Abstract
MYH9-related disease is a rare genetic disorder characterized by macrothrombocytopenia, with frequent proteinuric nephropathy, hearing loss, and cataract. Although proteinuric nephropathy usually progresses to renal failure, there is no established treatment for the nephropathy. We herein describe the case of a 19-year-old man carrying an E1841K MYH9 mutation, who developed persistent proteinuria. The patient was diagnosed with early-stage MYH9-related nephropathy based on the histological examination of a kidney biopsy specimen. The patient was treated with enalapril, which significantly reduced the proteinuria with no decline in his renal function. The early administration of renin-angiotensin system blockade therapy may have beneficial effects on MYH9-related nephropathy in patients with E1841K mutations. We also briefly summarize previously published cases of MYH9-related nephropathy treated with renin-angiotensin system (RAS) blockade therapy.

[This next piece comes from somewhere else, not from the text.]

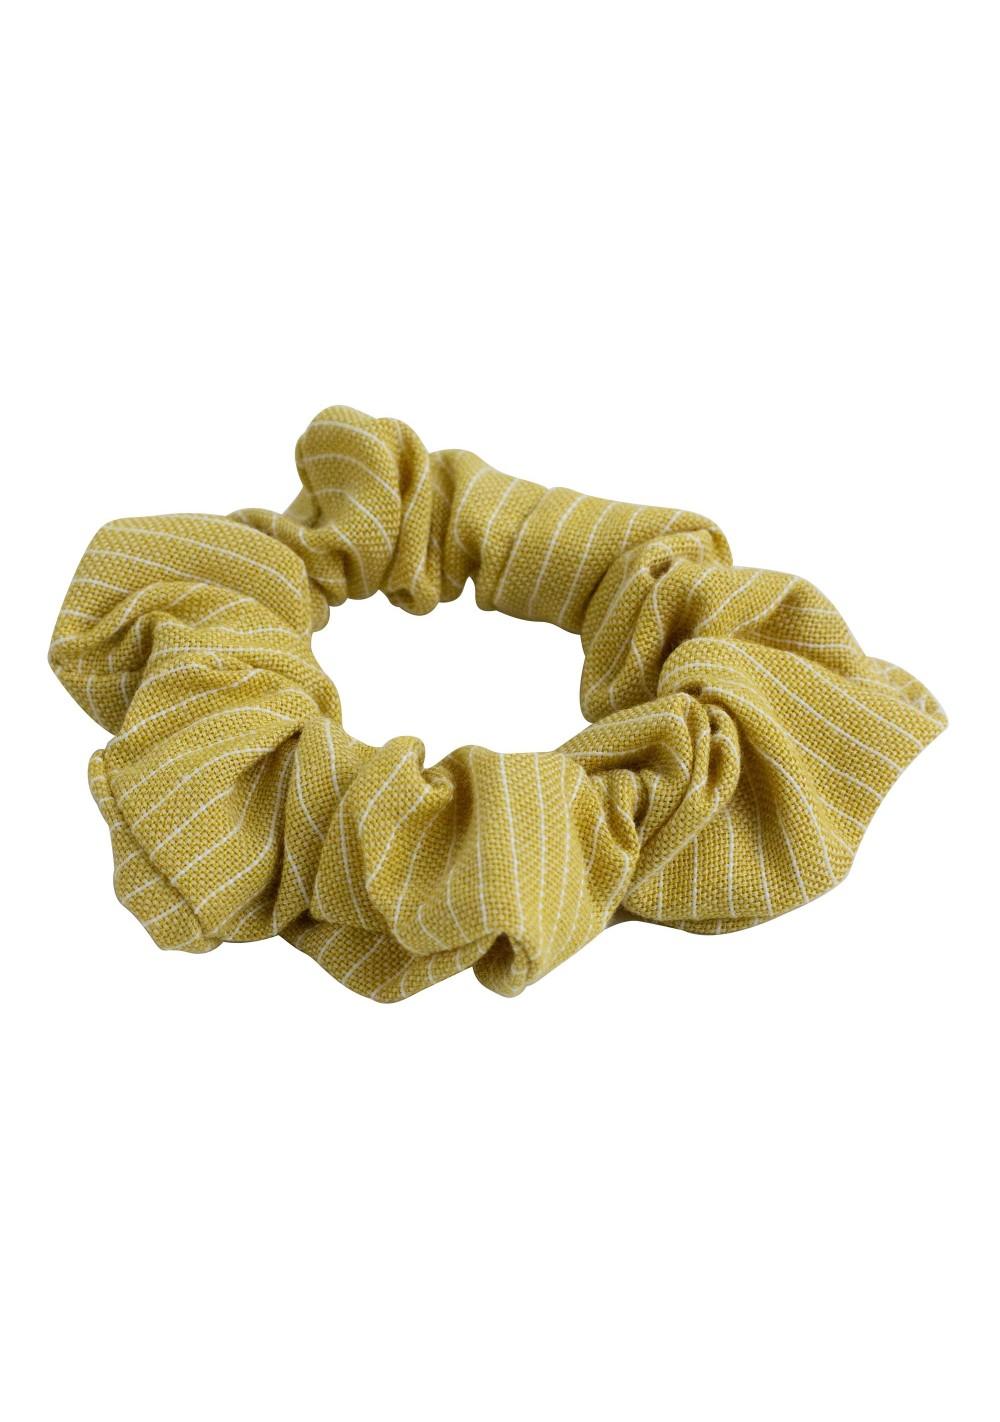 Ochre Gold scrunchie

Keywords: MYH9-related disease, nephropathy, proteinuria, end-stage kidney disease, focal segmental glomerulosclerosis (FSGS), treatment
Introduction
MYH9-related disease is a rare autosomal dominant disorder caused by mutations of the MYH9 gene, which encodes non-muscle myosin heavy chain IIA (NMMHC-IIA) (1). MYH9-related disease includes 4 syndromes: May-Hegglin anomaly, Sebastian syndrome, Fechtner syndrome, and Epstein syndrome. The prevalence of MYH9-related disease in Japan is estimated to be approximately 1 in 100,000 (2). At birth, patients with MYH9-related disease have only a variable degree of macrothrombocytopenia and neutrophilic inclusions; however, later in life, some patients may develop non-hematological manifestations, including proteinuric nephropathy, sensorineural hearing loss, and cataract.
Proteinuric nephropathy occurs in approximately 30% of patients with MYH9-related disease, with most developing progressive renal impairment and end-stage renal disease (ESRD) (3). The mechanism of renal disease progression after the onset of proteinuria remains unclear, and there is no established treatment for MYH9-related nephropathy. We herein describe the case of a patient carrying an E1841K MYH9 mutation, who was histologically diagnosed with early-stage MYH9-related nephropathy. In this patient, renin-angiotensin system (RAS) blockade therapy had the beneficial effect of reducing proteinuria. We also briefly summarize previously published cases of MYH9-related nephropathy treated with RAS blockade therapy.
Case Report
A 19-year-old Japanese man was referred to our hospital for the evaluation of persistent proteinuria. He was first noted to have transient proteinuria at 10 years of age and developed persistent proteinuria at 18 years of age. He was previously healthy with no significant medical history. His mother was diagnosed with Sjögren syndrome at 18 years of age and had mild renal insufficiency with normal urinalysis results (serum creatinine, 0.99 mg/dL). She was known to have thrombocytopenia (platelet count, 50,000 /μL) with large platelets and sensorineural deafness.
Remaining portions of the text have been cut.